Withdrawal symptoms indicate that a person may have developed physical dependence to a substance. However, physical dependence does not necessarily mean the person has a substance use disorder. People who have substance use disorders have difficulty controlling drug use and experience a number of negative consequences from their use.

Treatment for Withdrawal

Going through withdrawal “cold turkey” can lead to a number of emotional challenges and medical complications, and can increase the risk of relapse and overdose.

Medically assisted withdrawal management programs offer safe, effective, and relatively symptom-free approaches to negotiating the withdrawal process. A number of options for withdrawal management exist, including:

Nurse monitoring patient in drug withdrawal
  • Detox programs that can include medical staff who can monitor and manage the symptoms of withdrawal.
  • Inpatient rehab programs that allow for 24-hour supervision and a structured recovery program after detox that includes therapy, medication, and other therapeutic activities.
  • Outpatient rehab programs for individuals who do not need isolation or 24-hour supervision.
  • Partial hospitalization programs where individuals spend a significant portion of their day in treatment at a clinic or hospital and return to their homes in the evening.

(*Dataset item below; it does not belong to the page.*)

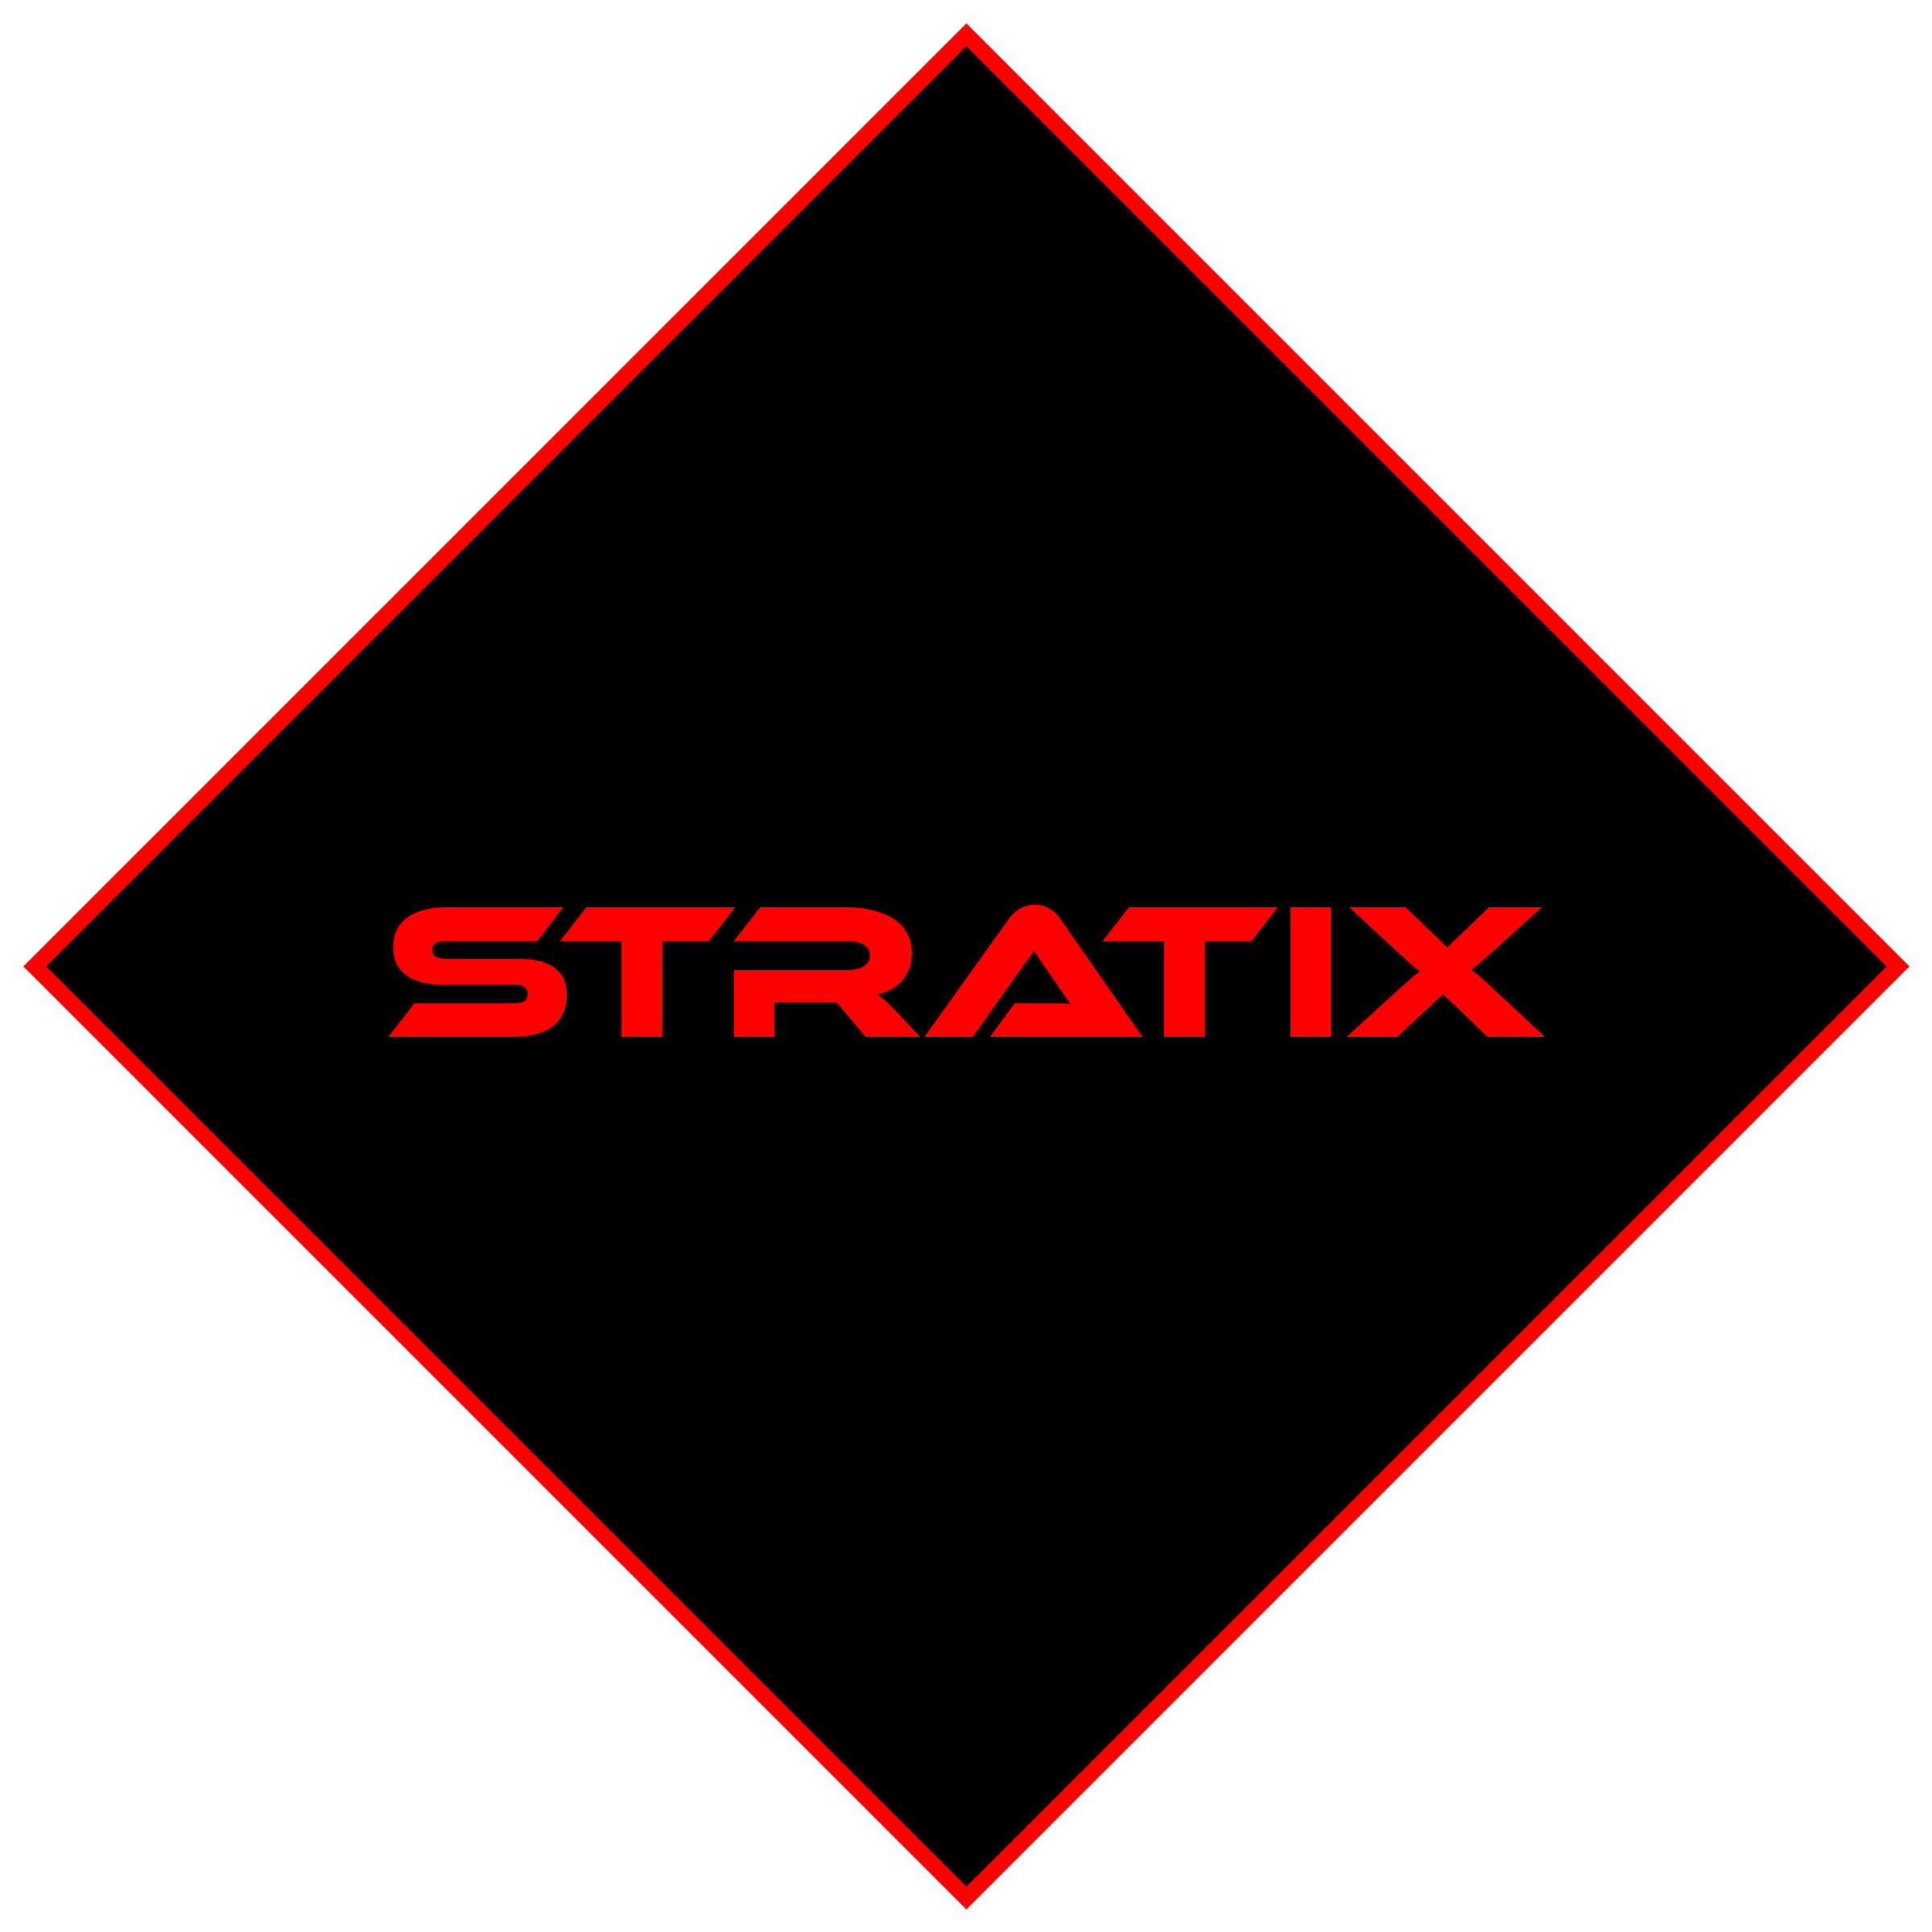 STRATIX

The withdrawal management process includes the administration of medications that can significantly reduce withdrawal symptoms and, in some cases, eliminate them.

A number of these drugs, such as benzodiazepines and opioid replacement medications, are administered on a tapering schedule where the person receives decreasing doses of the drug at specified intervals so that he or she can slowly adjust to decreasing levels of the drug in his or her system.

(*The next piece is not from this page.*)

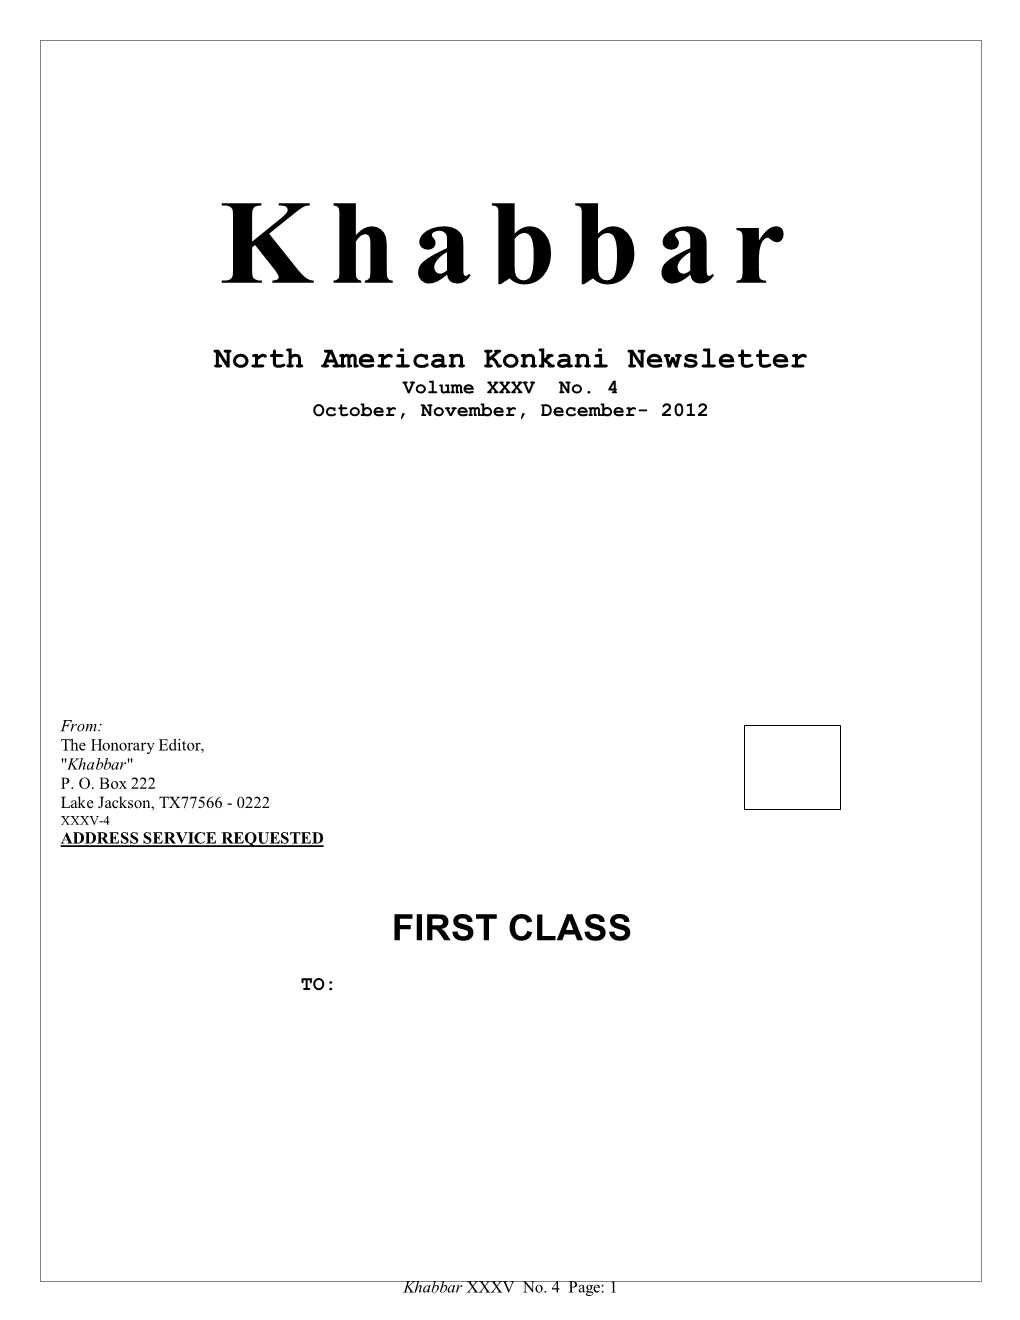 Khabbar Vol. XXXV No. 4 (October, November, December

Some of the medications used in the withdrawal management process include:

  • Benzodiazepines for withdrawal from alcohol and other benzodiazepines.
  • Opioid replacement medications, such as Suboxone and methadone, for withdrawal from opioid drugs such as heroin, morphine, Vicodin, and OxyContin.
  • Medications to reduce cravings, such as naltrexone.
  • Medications to address specific withdrawal symptoms and other symptoms associated with co-occurring psychological disorders or medical issues.

A withdrawal management program is a medical necessity for withdrawal from certain classes of drugs. The withdrawal process for alcohol, benzodiazepines, and barbiturates can result in severe confusion, hallucinations, and the development of life-threatening seizures that need to be medically addressed. 2,4

People attempting to withdraw from these drugs should first consult a physician and/or a licensed mental health care professional before ending their use of the drug.

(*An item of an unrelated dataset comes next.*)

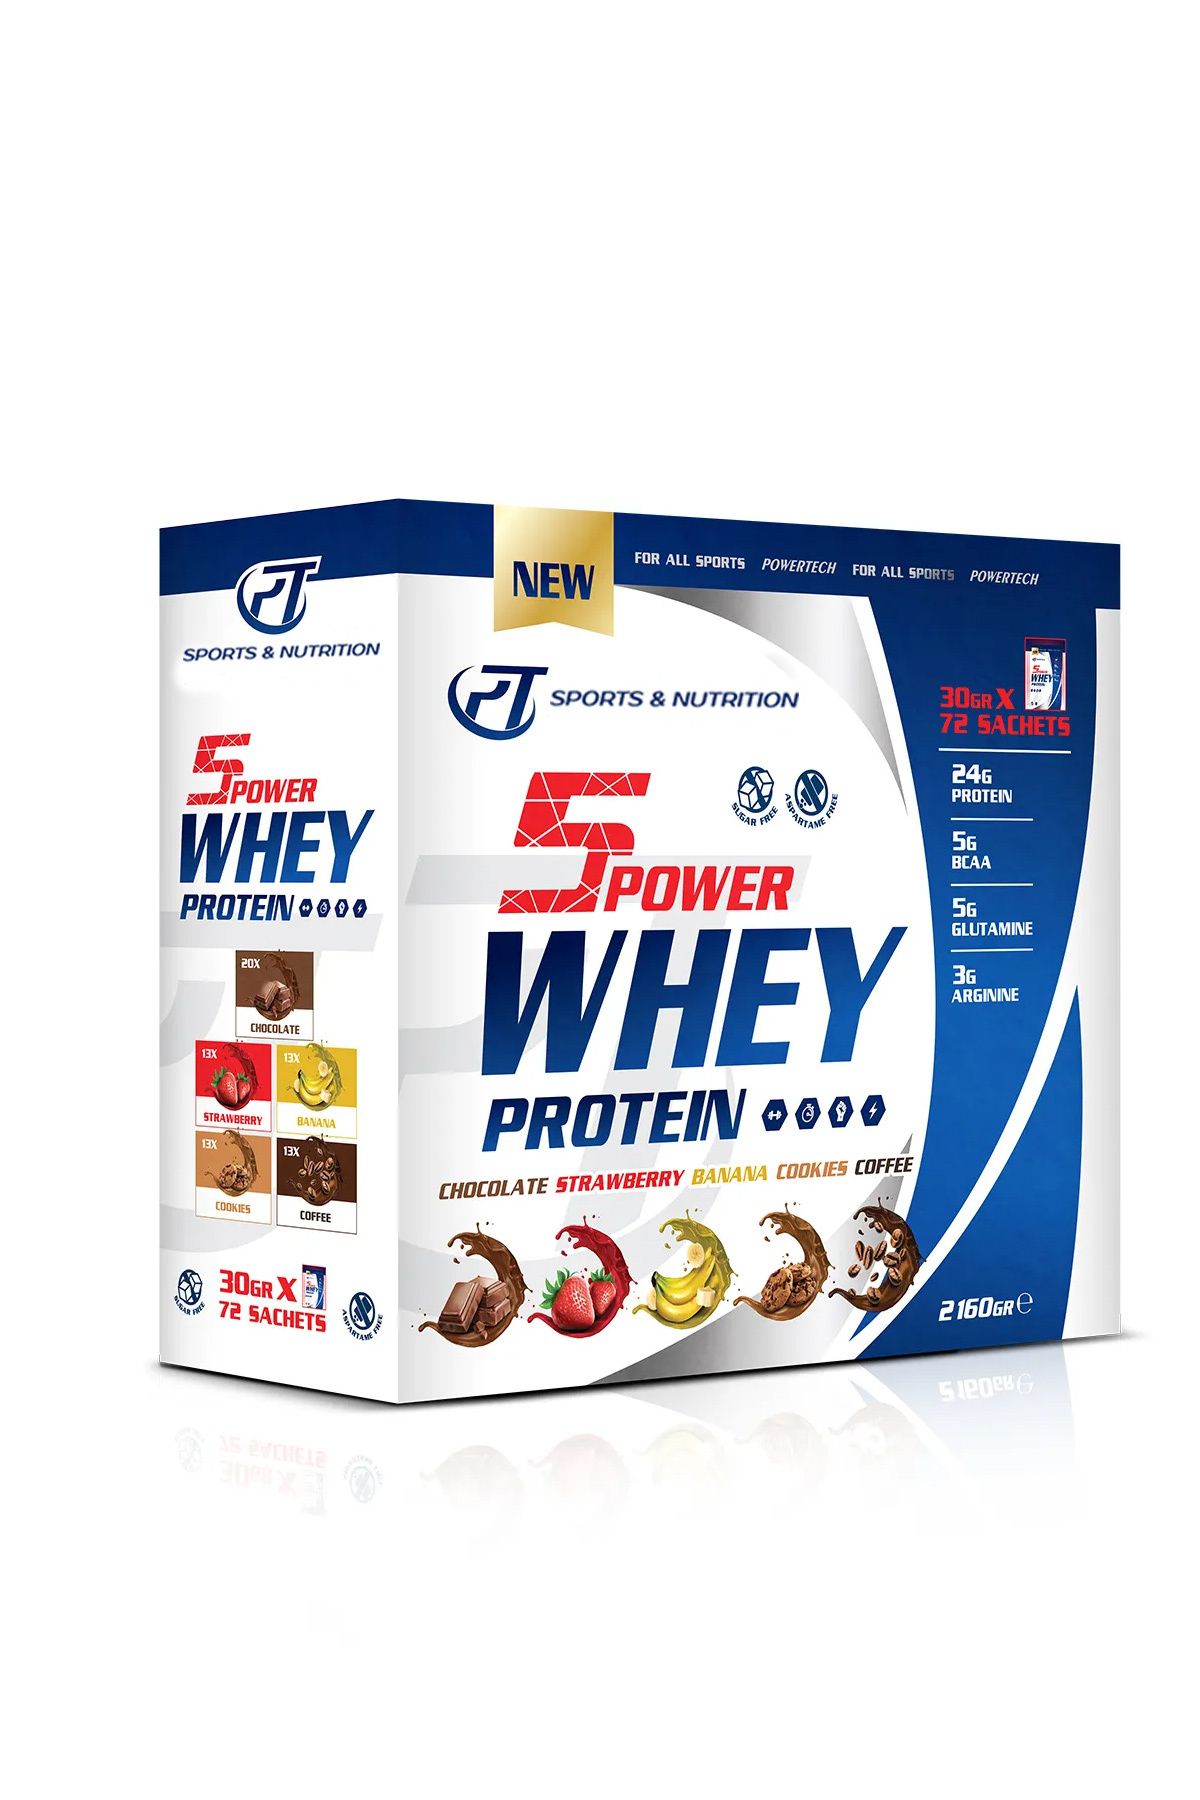 POWERTECH 5Power Whey Protein 30grx72 Sachets 2160 gr Mix

[1]. Doweiko, H. (2011). Concepts of chemical dependency. Stanford, CT: Nelson Education.

[2]. American Psychiatric Association. (2013). Diagnostic and statistical manual of mental disorders (5th ed.). Arlington, VA: American Psychiatric Publishing.

[3]. Heit, H. A. (2003). Addiction, physical dependence, and tolerance: Precise definitions to help clinicians evaluate and treat chronic pain patients. Journal of Pain & Palliative Care Pharmacotherapy 17(1), 15-29.

[4]. Ries, R. K., Fiellin, D. A., Miller, S. C., & Saitz, R. (2014). The ASAM principles of addiction medicine. New York: Lippincott Williams & Wilkins.

[5]. National Institute on Drug Abuse. (2012). Is there a difference between physical dependence and addiction?